Skin Cancer According to the American Academy of Dermatology, “Skin cancer is the most prevalent of all types of cancers. It is estimated that more than one million Americans develop skin cancer every year.” The sooner preventative measures are taken the better your chances are it won’t spread. Skin cancer is not reserved just for those who spend weeks in tanning salons. In fact, many types of skin cancers develop as a result of cumulative sun exposure. Even those times when you were barely sun burned can be damaging.

Shingles

Shingles is caused by the varicella-zoster virus – the same virus that causes chickenpox. Because viral infections cannot be cured, the virus simply lies dormant after recovery from chickenpox and may or may not reactivate during adulthood as shingles. Shingles is frequently characterized by a large stripe or band of painful blisters around one side of the torso, though it can also show up in patches of varying size on other parts of the body, such as the face or even the scalp.

Spider Veins

Spider Veins are the small, dilated veins found frequently on the thighs, around the knees, on the calves, and around the ankles.
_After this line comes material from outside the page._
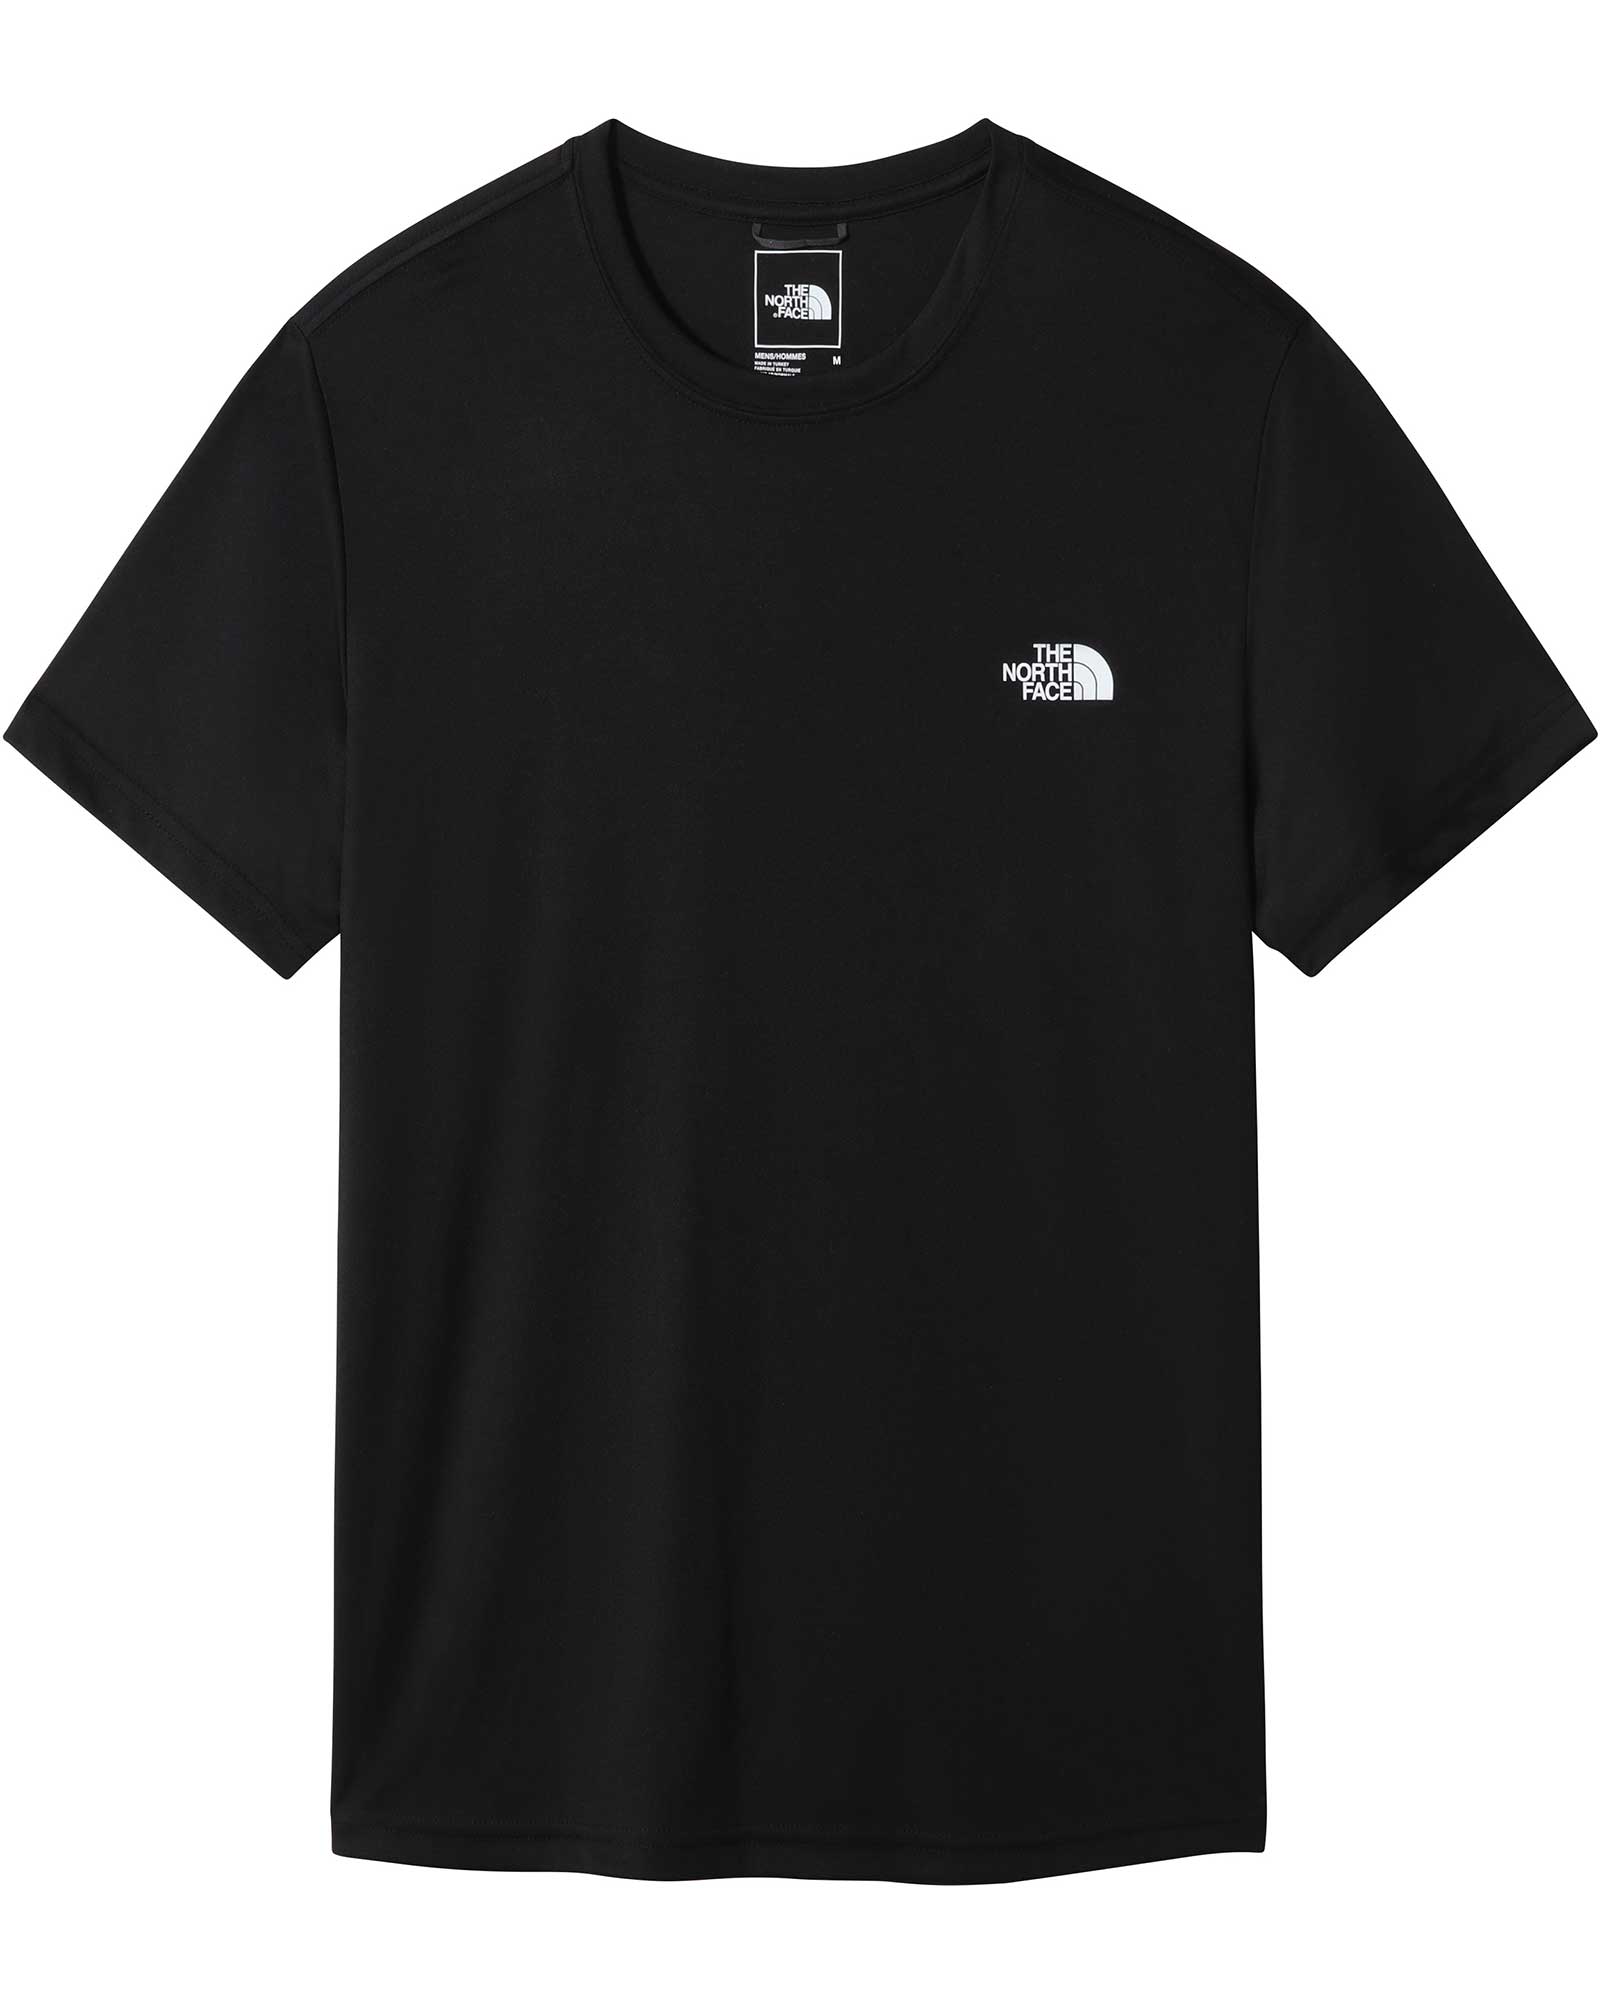 Product image of The North Face Reaxion Amp Men's Crew

Caused by the backup of blood circulation, spider veins are easily visible through the skin of the legs and face because of its close proximity to the skin’s surface, and appear as small, red, purple and blue vessels that resemble jagged tree branches or spider webs.

Sunburn

Sunburn occurs when the skin is exposed to too much sun without the protection of clothing or sunscreen. Sunburn is the result of ultraviolet (UV) radiation from the sun damaging the skin because it cannot produce its defensive pigment, melanin, fast enough to protect itself from the damaging rays. Though it is more frequently seen in persons who have less pigment in their skin, even patients with darker skin tones can get sunburned.

Varicose Veins

Varicose Veins are generally painless black or blue swollen, twisted veins that are visible under the surface of the skin. Occurring mainly in the leg, calf, ankle and foot, varicose veins are caused by faulty valves within the veins due to increased pressure of the lower body from walking or standing upright for extended periods of time.

Wart Removal

Warts are skin growths spread by direct contact with types of human papillomavirus (HPV). The virus infects the outermost layer of the skin, causing skin cells to over grow rapidly. Because HPV can infect only the top layer of skin, it can live on without causing infection. However, once it infects skin cells beneath the surface by entering the body in an area of broken skin, such as cut or scrape, a wart begins to grow.